Using FLUSH TABLES in one connection while another connection is
using HANDLER statements caused a server crash.

The fix for this bug must be reverted, because it causes a more serious bug (bug #29474).  An alternate fix for this bug will be prepared.

The previous fix for this bug has been reverted, as of 5.0.48 and 5.1.22-beta.

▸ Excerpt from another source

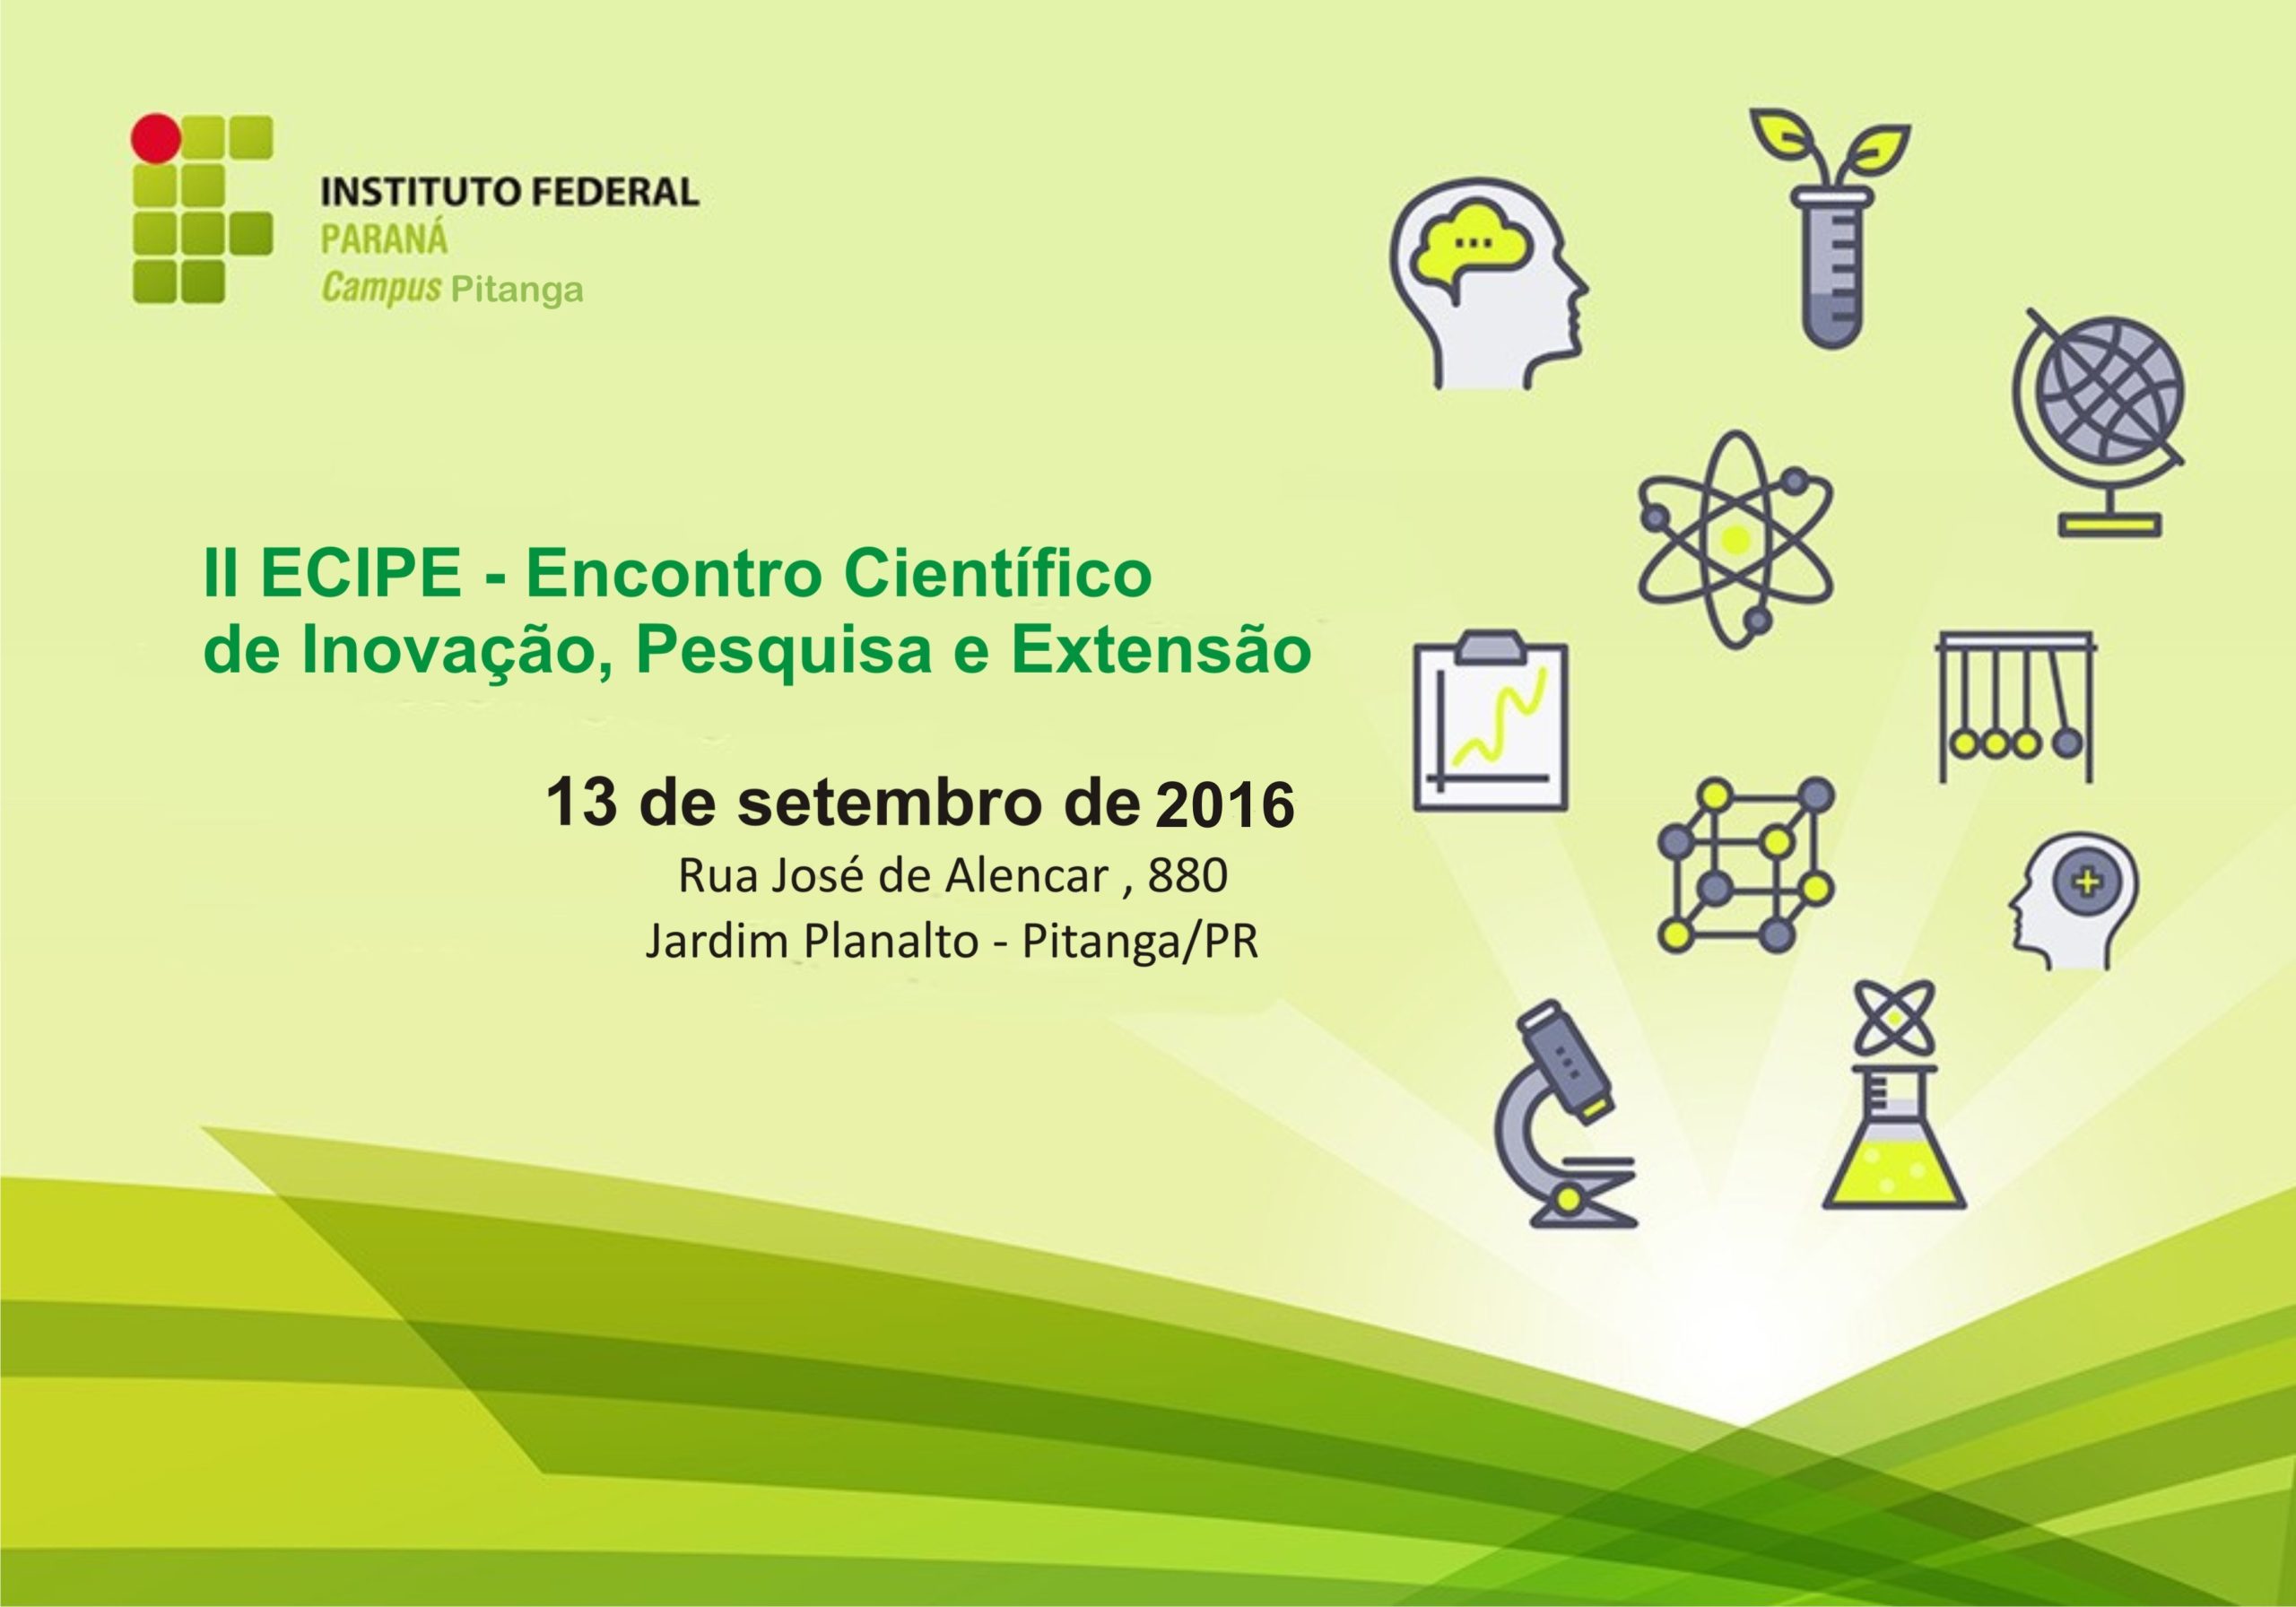 II Ecipe - Encontro Científico de Inovação, Pesquisa e Extensão - 13 de setembro de 2016

Another fix is being prepared.

A patch for this bug has been committed. After review, it may
be pushed to the relevant source trees for release in the next
version. You can access the patch from:

  http://lists.mysql.com/commits/34934

ChangeSet@1.2526, 2007-10-04 17:34:41-03:00, davi@moksha.local +1 -0
  Bug#21587 FLUSH TABLES causes server crash when used with HANDLER statements
  
  This bug is a symptom of the way handler's tables are managed. The
  most different aspect, compared to the conventional behavior, is that
  the handler's tables are long lived, meaning that their lifetimes are
  not bounded by the duration of the command that opened them. For this
  effect the handler code uses its own list (handler_tables instead of
  open_tables) to hold open handler tables so that the tables won't be
  closed at the end of the command/statement. Besides the handler_tables
  list, there is a hash (handler_tables_hash) which is used to associate
  handler aliases to tables and to refresh the tables upon demand (flush
  tables).
  
  The current implementation doesn't work properly with refreshed tables
  -- more precisely when flush commands are issued by other initiators.
  This happens because when a handler open or read statement is being
  processed, the associated table has to be opened or locked and, for this
  matter, the open_tables and handler_tables lists are swapped so that the
  new table being opened is inserted into the handler_tables list. But when
  opening or locking the table, if the refresh version is different from the
  thread refresh version then all used tables in the open_tables list (now
  handler_tables) are refreshed. In the "refreshing" process the handler
  tables are flushed (closed) without being properly unlinked from the
  handler hash.
  
  The current implementation also fails to properly discard handlers of
  dropped tables, but this and other problems are going to be addressed
  in the fixes for bugs 31397 and 31409.
  
  The chosen approach tries to properly save and restore the table state
  so that no table is flushed during the table open and lock operations.
  The logic is almost the same as before with the list swapping, but with
  a working glue code.
  
  The test case for this bug is going to be committed into 5.1 because it
  requires a test feature only avaiable in 5.1 (wait_condition).

Pushed into 5.1.23-beta

Pushed into 5.0.52

Noted in 5.0.52, 5.1.23 changelogs.

Executing FLUSH TABLES while tables were open for use with HANDLER
statements could cause a server crash.